Apple®’s branded house model shares much structure across its trademarks. Terms repeat, and patterns reoccur. It’s structured enough to be tokenised by splitting on transitions from lowercase to uppercase, or white space:
iPad Air® ⇒
["i", "Pad", " ", "Air", "®"]
MacBook Air® ⇒
["Mac", "Book", " ", "Air", "®"]
There are a few exceptions like ‘X’, which is its own token in e.g. Xserve® and Xcode®.
Breaking out the tokens lets us see that case is mostly consistent. Exceptions include ‘Mac’, ‘TV’, ‘Vision’ and ‘Watch’ (uppercase for hardware, and lowercase when followed by ‘OS’), and ‘Touch’ (uppercase except in ‘iPod touch®’). Also good to see ‘+’ rapidly overtaking ‘.’ and ‘-’ as the most common punctuation.

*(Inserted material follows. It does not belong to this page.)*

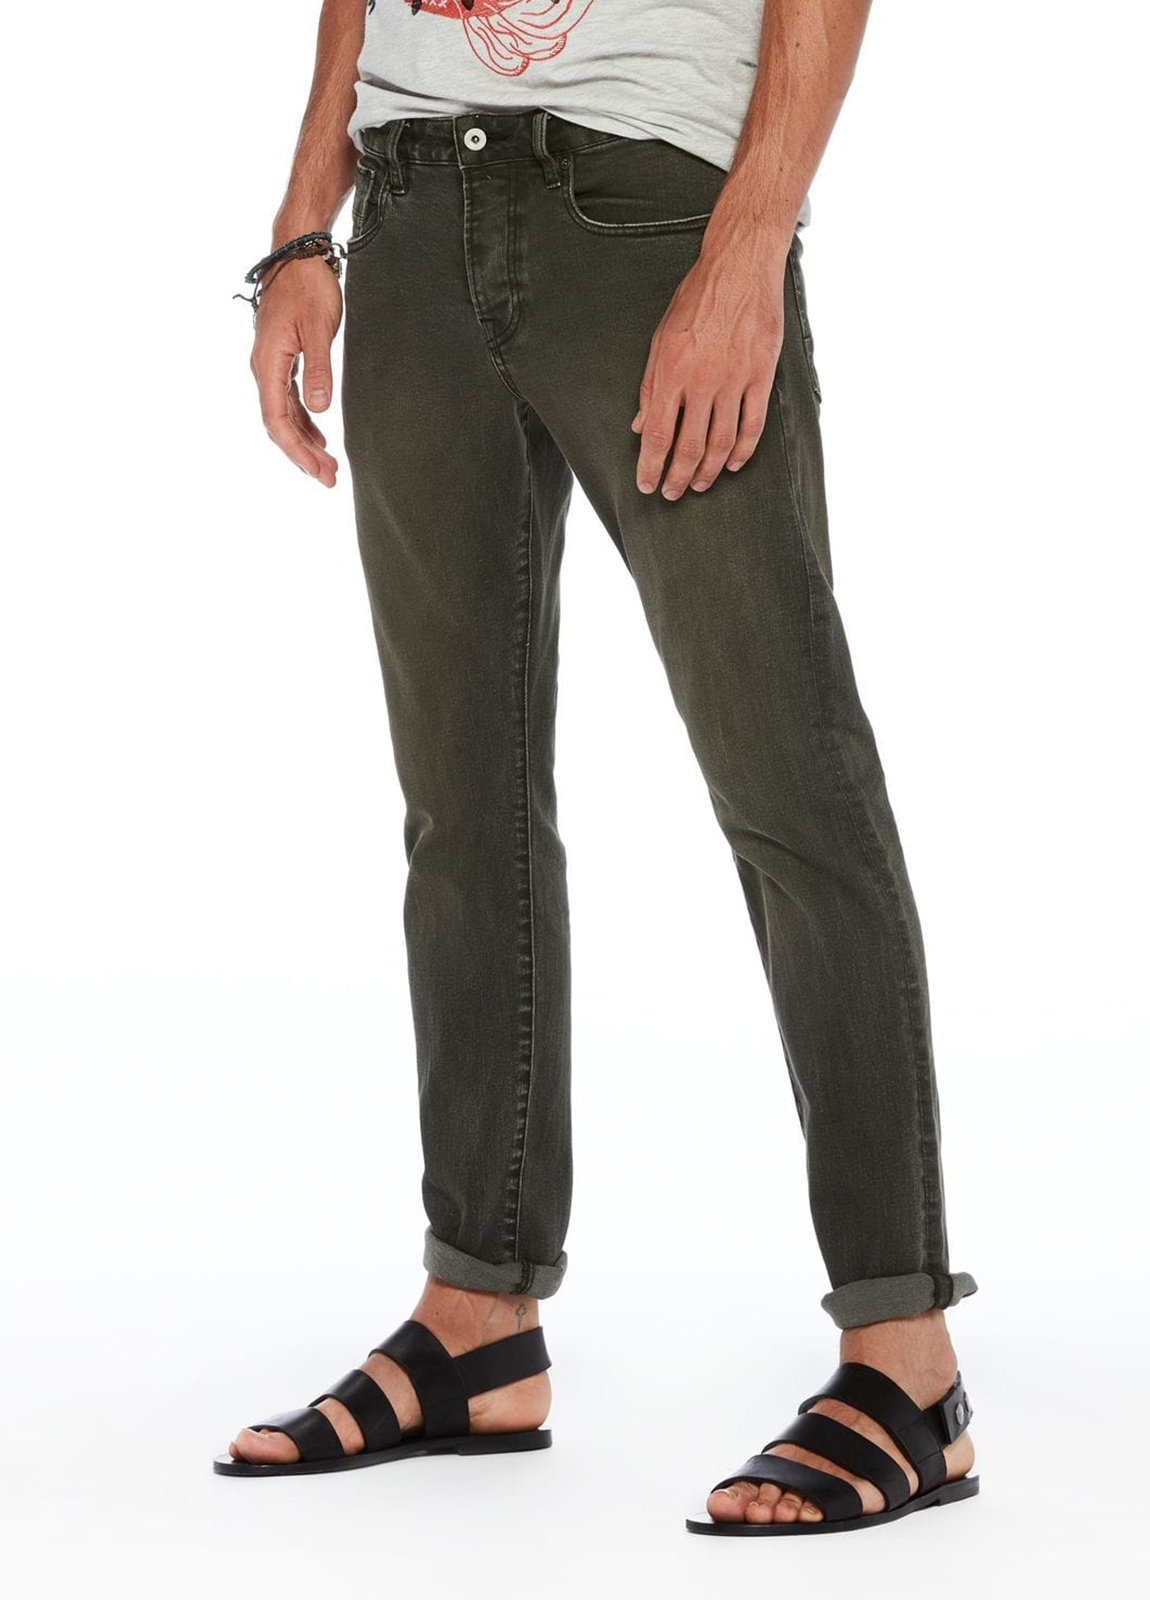 Pantalón 5 bolsillos regular slim fit modelo RALSTON denim elástico teñido en prenda color verde oscuro. 78% Algodón 21% Poliéster 1% Elastano. - Ítem2

The natural thing to do is place these on a graph, where each distinct token is a node linked to all tokens that appear before or after:
Notably, some tokens see broad use (‘Apple’ and ‘i’ in around fifty trademarks each, and ‘Mac’, ‘Pro’, ‘Air’ in around twenty), whereas some are used in small clusters (three ‘Engine’s and ‘Drop’s; three ‘Writer’s, all printers).
Weight the transitions according to current trademark usage to generate a Markov chain. Start on a token that’s used to start at least one trademark, and finish on one that ends. The resulting chains will, usefully, predict unused trademarks; including:
Following the existing structure means a few sound more “when” than “if.”